Lin Muxu, general manager of the Mingtong Digital City market, who has worked in Huaqiangbei for 15 years said, “We used to just sell phone parts, but by 2016 some of the markets were 50 percent vacant, so we needed to try something else to survive. We saw there’s a great demand for beauty products, whether it’s teenagers, women or men in their 60s and 70s.”

The beauty business

According to official data, Chinese consumers have a high demand for cosmetics. The cosmetic market witnessed increased sales of $39.26 billion, showing a hike of up to 5.9 percent in annual data from January to October. But, the wholesale-retail sales fell 5.9 percent during the same period.

“Although Mingtong had hosted a smattering of cosmetics dealers for several years, the business took off this year when border closures halted the flow of traders going to Hong Kong and picking up tax-free goods for resale,” commended representative of wholesalers.

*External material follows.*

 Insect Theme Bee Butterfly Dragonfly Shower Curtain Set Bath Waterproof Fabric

A trader named Scott said, “For importers with the right licenses, we can buy in bulk here and sell products at a few cents’ markup each. It’s a bit of a grey area,” he said, adding that not all sellers report or go through proper channels for their imported products.

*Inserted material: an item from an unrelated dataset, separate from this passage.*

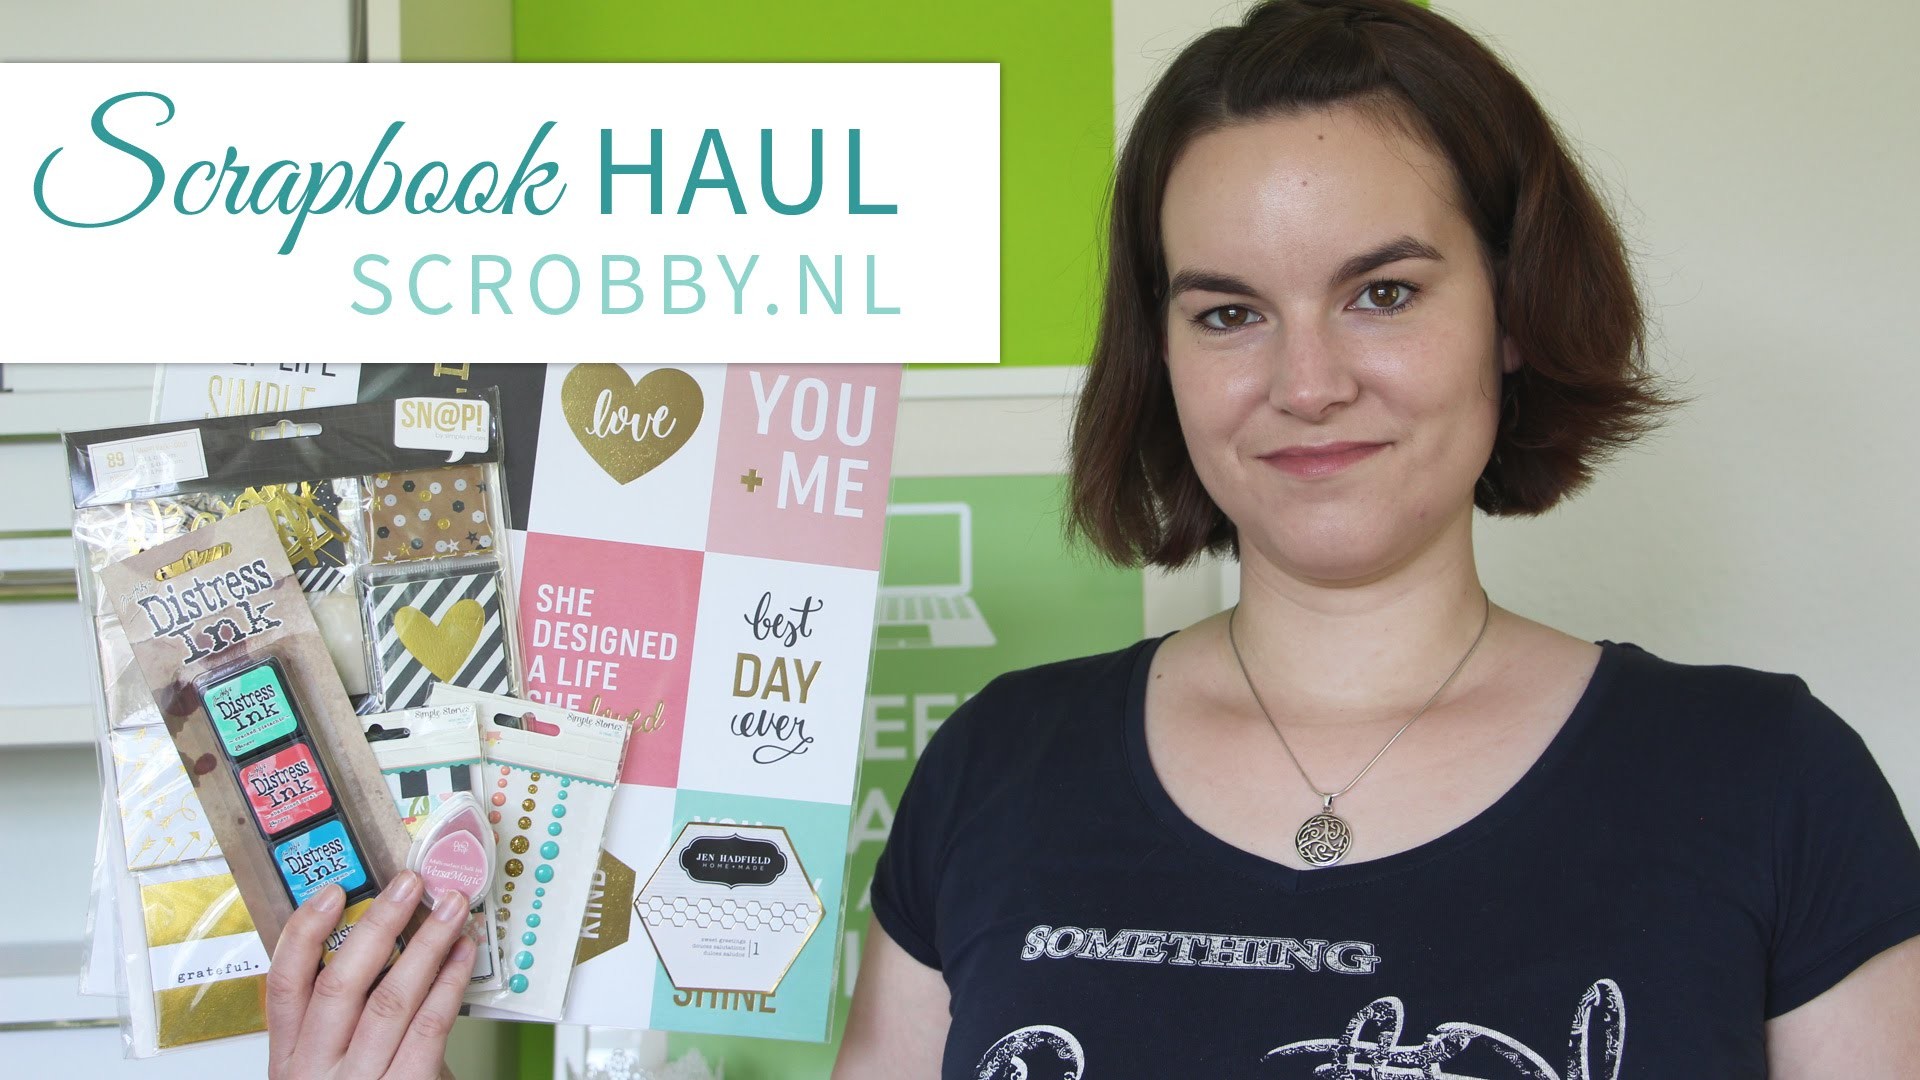 Scrapbook HAUL  ♥ scrobby | Distress Ink, Gold Foil, Project Life

Some customers buy products in small lots on the market to sell on Chinese eCommerce websites such as Alibaba’s Taobao.

“It’s a few at a time, but we’re moving such volumes that there’s a good profit to be made,” Mr. Scott said.

Seller Eva Zhou said all her European cosmetics were genuine, though near the end of their shelf lives. She fears that as more sellers flock to the market, margins will be squeezed more.

“I think a lot of people have lost their jobs with the virus, and now there’s good money to be had here, but it won’t work if everyone is doing it,” she added.